Танкисты оживленно заговорили. Сказывалось полуторамесячное постоянное пребывание на боевом взводе: после первого, но тяжелого, трехдневного боя у Баин-Цагана, взвод полмесяца нес боевое охранение позиций советско-монгольских войск за Халхин-Голом, то уходя в тыл, то вновь возвращаясь на правый берег реки, в боевые порядки. Последний месяц – на усилении охраны «ставки», как меж собой бойцы называли командный пункт командира корпуса генерала Жукова. Усиление было вызвано сведениями о намерении японцев высадить сюда десант. Вот и была поставлена взводу огнеметных танков задача: возможный десант уничтожить огнеметами и пулеметным огнем. Каждый из танкистов понимал, сколь важное задание возложено на них. Не всем могли такое доверить. Так что – ни днем ни ночью глаз не смыкали, каждую минуту начеку.

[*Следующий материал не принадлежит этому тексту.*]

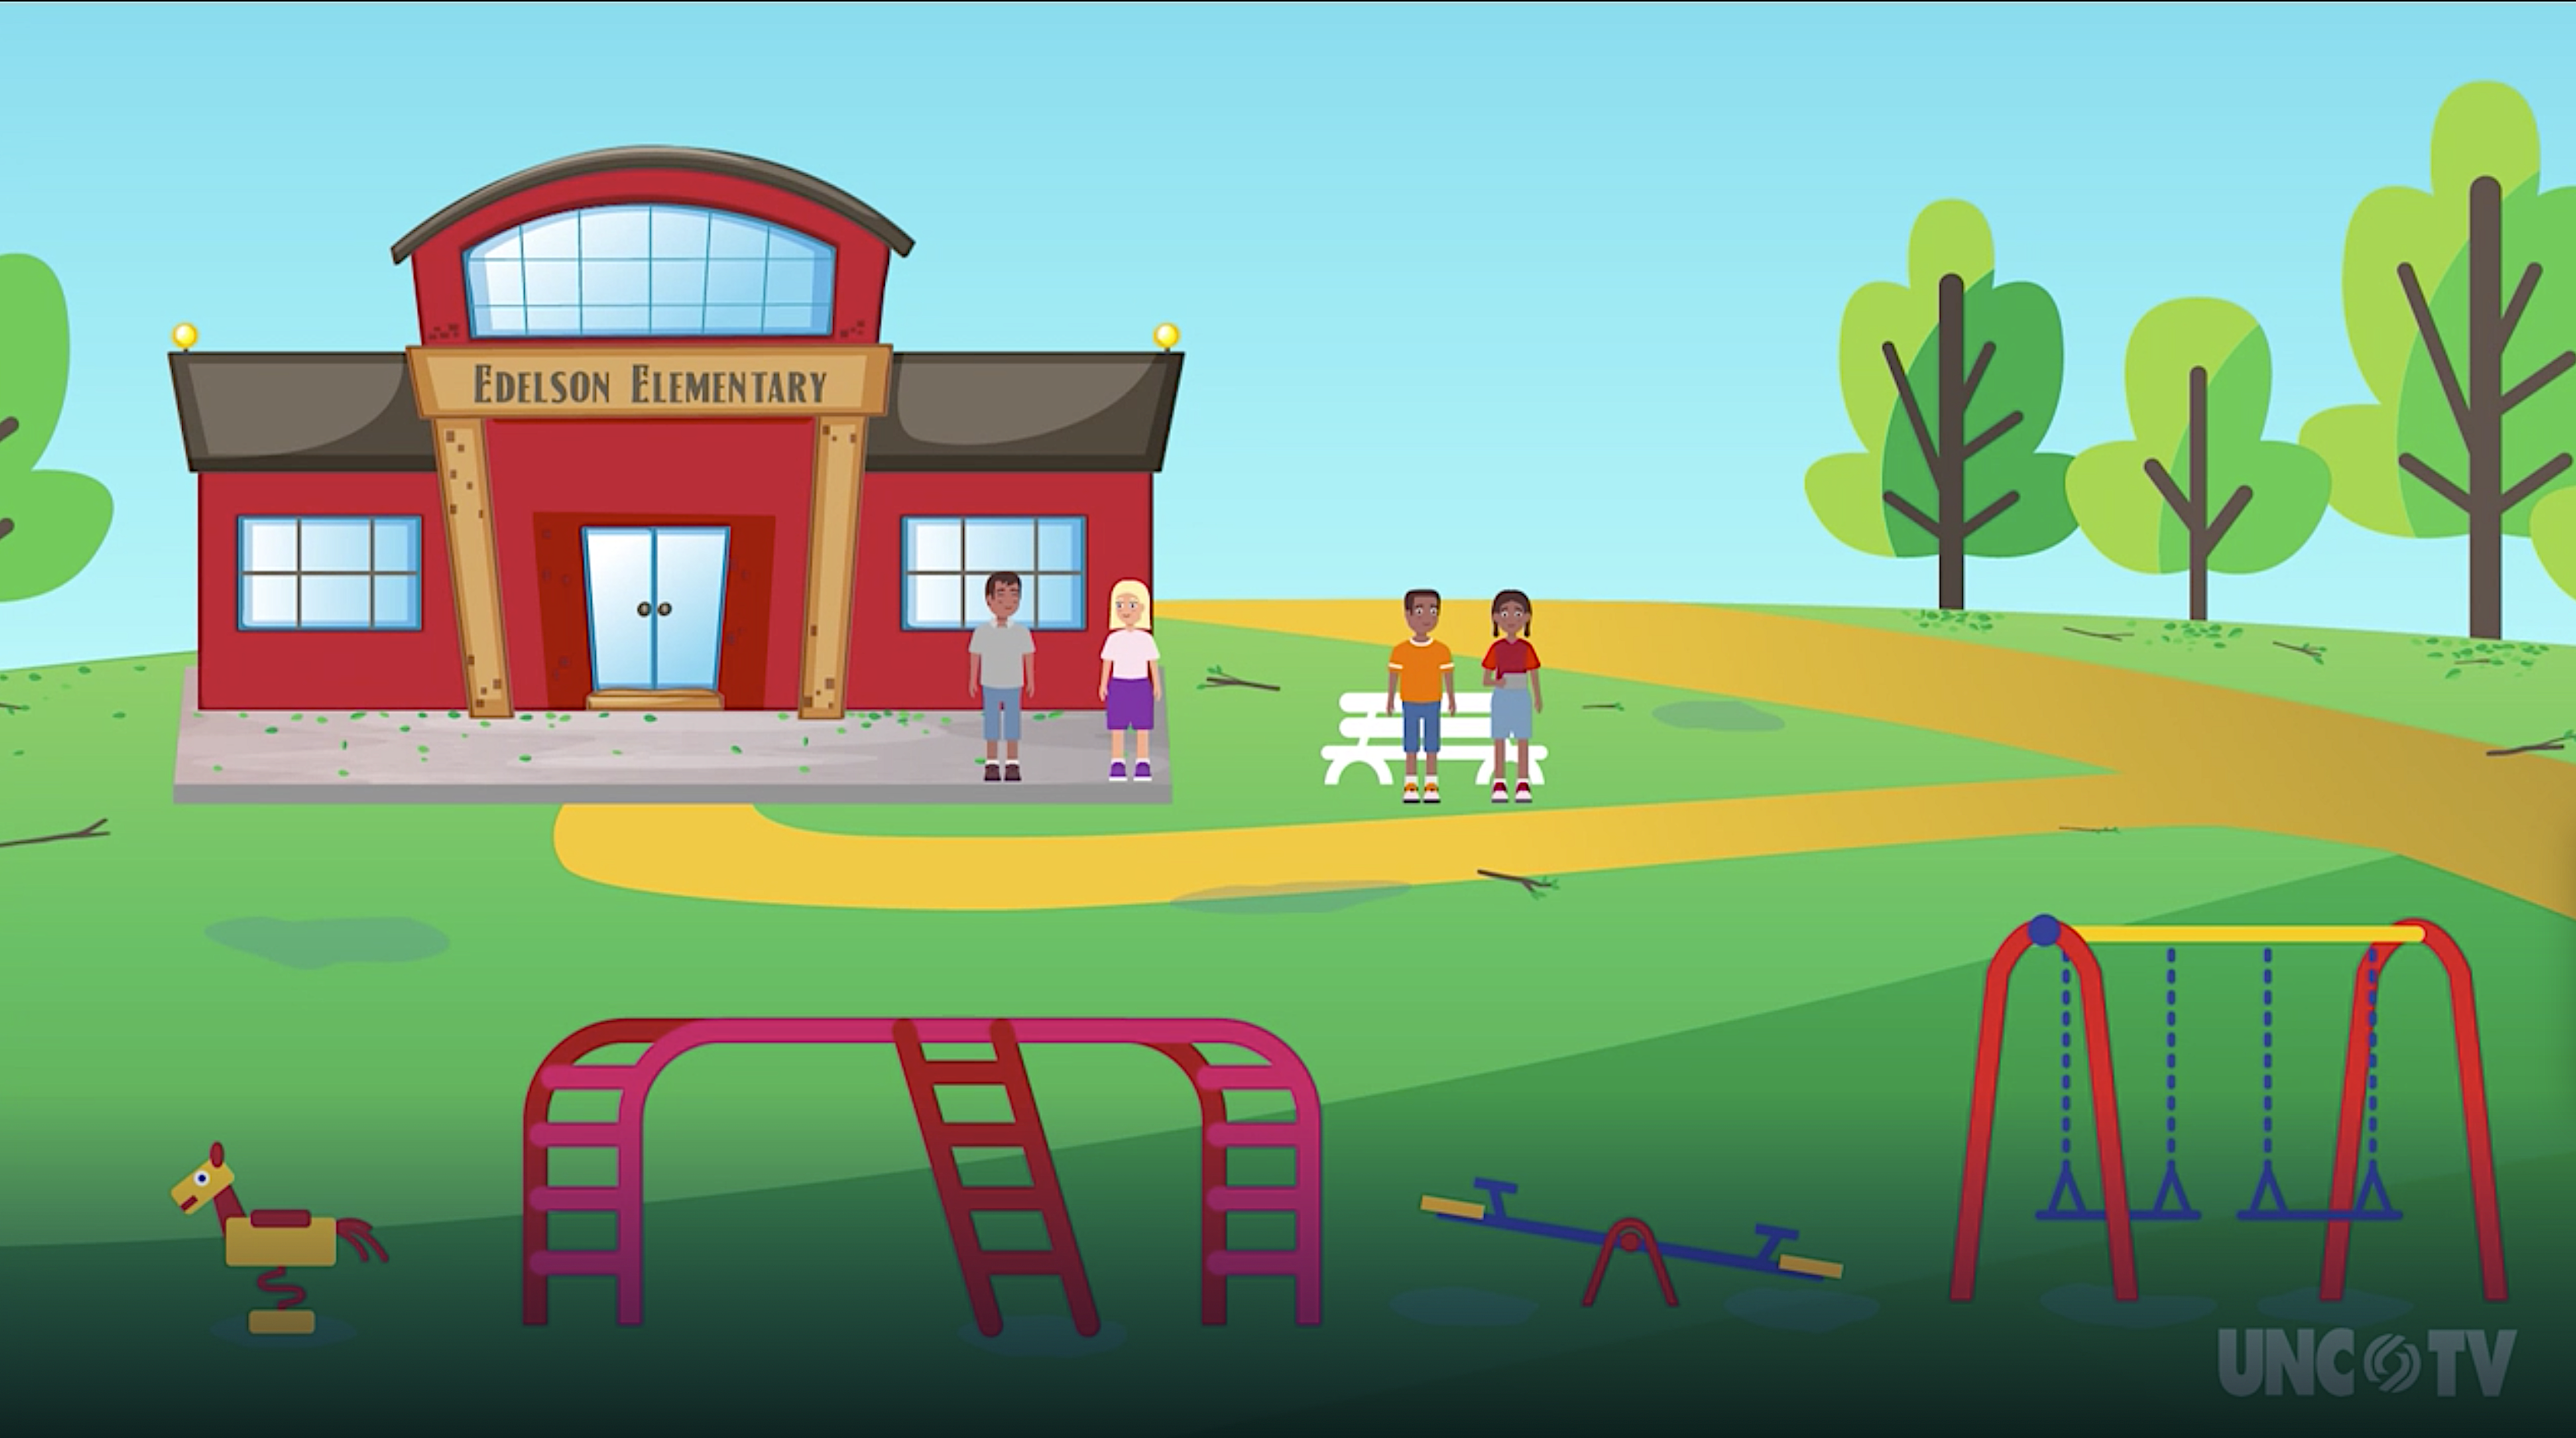 The Watershed Wisdom Lesson Plan includes “River Avengers,” an animated video.

И все эти дни напряженного боевого дежурства, под систематическими налетами японской авиации, пытавшейся бомбить центральную и дополнительные переправы через Халхин-Гол, тыловые подступы, где сосредотачивались наши части и располагались штабные подразделения, – все эти трудные дни каждый из танкистов-огнеметчиков снова и снова переживал и оценивал свой первый боевой опыт, полученный у горы Баин-Цаган.

– У нас вот Мезин-младший рассказчик хороший. – Кто-то из ребят хлопнул Сергея сзади по плечу. – Он, товарищ командир, картинно все в подробностях изложит. Давай, Серый, по порядку, с чувством, с толком, с расстановкой, – как дело было.

– Давай, Мезин, расскажи лейтенанту. И для всех полезно будет еще раз послушать, а то тогда, чего греха таить, неразберихи хватило, и лишней кровушкой эта неразбериха обернулась…

Все на минуту замолчали. Потом кто-то снова подбодрил Сергея:

– Рассказывай, не робей.

– А чего мне робеть? – хмыкнул Сергей, довольный таким всеобщим признанием его авторитета «летописца» взвода. Посерьезнев, стал рассказывать:

– Мы, товарищ младший лейтенант, до двадцать восьмого мая так в Ундэр-Хане и стояли…

Сергей начал так потому, что в то время, когда бригада дислоцировалась в этом монгольском городке, Козлова, тогда старшину роты огнеметчиков, направили на командирские курсы. Вернулся он в часть в середине июля, был назначен командиром взвода БХМ вместо лейтенанта Балясникова, которого после боя у Ремезовской сопки с должности комвзвода сняли за неумение командовать и назначили командиром танка, правда, дав в подчинение еще один танк.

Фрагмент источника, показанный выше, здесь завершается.